[PYTHON] <Course> Machine learning Chapter 4: Principal component analysis

Machine learning

Chapter 4: Principal Component Analysis

What is principal component analysis?




(Practice 4) Dimensional compression of breast cancer test data using scikit learn

Start with Google Drive Maps

from google.colab import drive

import pandas as pd
from sklearn.model_selection import train_test_split
from sklearn.preprocessing import StandardScaler
from sklearn.linear_model import LogisticRegressionCV
from sklearn.metrics import confusion_matrix
from sklearn.decomposition import PCA
import matplotlib.pyplot as plt
%matplotlib inline

sys.path settings

Below, we are creating a study_ai_ml folder directly under My Drive in Google Drive.

cancer_df = pd.read_csv('/content/drive/My Drive/study_ai_ml/data/cancer.csv')
print('cancer df shape: {}'.format(cancer_df.shape))

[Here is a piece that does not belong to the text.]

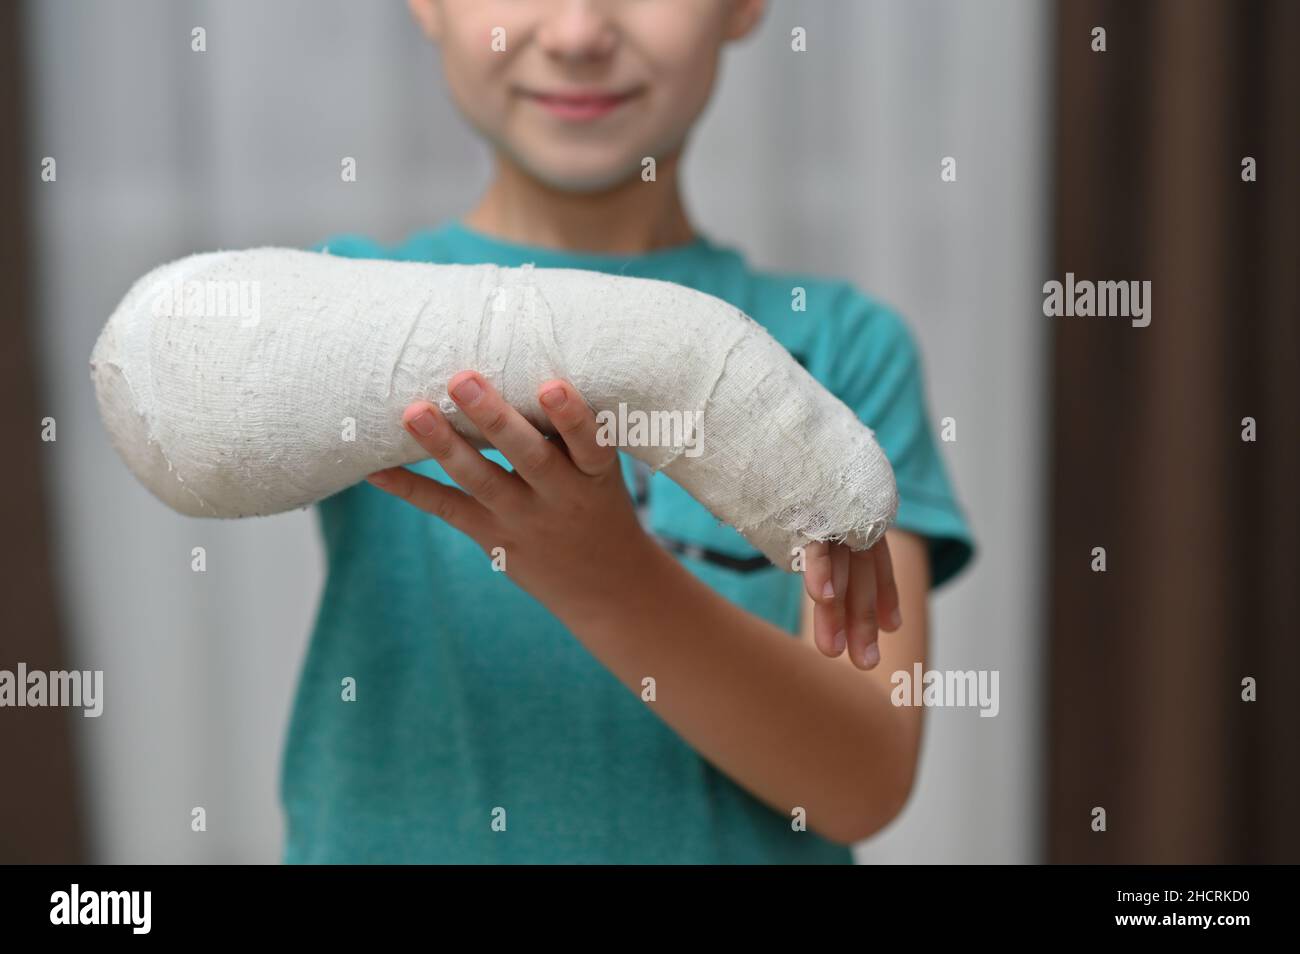 a boy with a broken arm in a cast. close-up. Stock Photo

cancer df shape: (569, 33)
スクリーンショット 2019-12-13 16.53.21.png
cancer_df.drop('Unnamed: 32', axis=1, inplace=True)
スクリーンショット 2019-12-13 16.56.55.png

** ・ Diagnosis: Diagnosis result (Benign is B / Malignant is M) ・ Explanatory variables are classified by logistic regression with the objective variable in the second column after the third column **

#Extraction of objective variable
y = cancer_df.diagnosis.apply(lambda d: 1 if d == 'M' else 0)
#Extraction of explanatory variables
X = cancer_df.loc[:, 'radius_mean':]
#Separate data for learning and testing
X_train, X_test, y_train, y_test = train_test_split(X, y, random_state=0)

scaler = StandardScaler()
X_train_scaled = scaler.fit_transform(X_train)
X_test_scaled = scaler.transform(X_test)

#Learning with logistic regression
logistic = LogisticRegressionCV(cv=10, random_state=0)
logistic.fit(X_train_scaled, y_train)

print('Train score: {:.3f}'.format(logistic.score(X_train_scaled, y_train)))
print('Test score: {:.3f}'.format(logistic.score(X_test_scaled, y_test)))
print('Confustion matrix:\n{}'.format(confusion_matrix(y_true=y_test, y_pred=logistic.predict(X_test_scaled))))


Train score: 0.988
Test score: 0.972
Confustion matrix:
[[89  1]
 [ 3 50]]

** ・ Confirmed that it can be classified with a verification score of 97% **

pca = PCA(n_components=30)
plt.bar([n for n in range(1, len(pca.explained_variance_ratio_)+1)], pca.explained_variance_ratio_)
スクリーンショット 2019-12-13 17.02.01.png
#Compress up to 2 dimensions
pca = PCA(n_components=2)
X_train_pca = pca.fit_transform(X_train_scaled)
print('X_train_pca shape: {}'.format(X_train_pca.shape))
# X_train_pca shape: (426, 2)

#Contribution rate
print('explained variance ratio: {}'.format(pca.explained_variance_ratio_))
# explained variance ratio: [ 0.43315126  0.19586506]

#Plot on scatter plot
temp = pd.DataFrame(X_train_pca)
temp['Outcome'] = y_train.values
b = temp[temp['Outcome'] == 0]
m = temp[temp['Outcome'] == 1]
plt.scatter(x=b[0], y=b[1], marker='o') #Benign is marked with ○
plt.scatter(x=m[0], y=m[1], marker='^') #Malignant is marked with △
plt.xlabel('PC 1') #X-axis of the first principal component
plt.ylabel('PC 2') #The second principal component is the y-axis
スクリーンショット 2019-12-13 17.03.18.png
scaler = StandardScaler()
X_train_scaled = scaler.fit_transform(X_train)
X_test_scaled = scaler.transform(X_test)

#Learning with logistic regression
logistic = LogisticRegressionCV(cv=10, random_state=0)
logistic.fit(X_train_scaled, y_train)

print('Train score: {:.3f}'.format(logistic.score(X_train_scaled, y_train)))
print('Test score: {:.3f}'.format(logistic.score(X_test_scaled, y_test)))
print('Confustion matrix:\n{}'.format(confusion_matrix(y_true=y_test, y_pred=logistic.predict(X_test_scaled))))


Train score: 0.927
Test score: 0.944
Confustion matrix:
[[87  3]
 [ 5 48]]

** ・ Confirmed that it can be classified with a verification score of 94% ** Even if the number of dimensions was reduced to 2, the verification score did not drop much from 97% to 94%, and the result was that the number of dimensions was reduced while maintaining accuracy.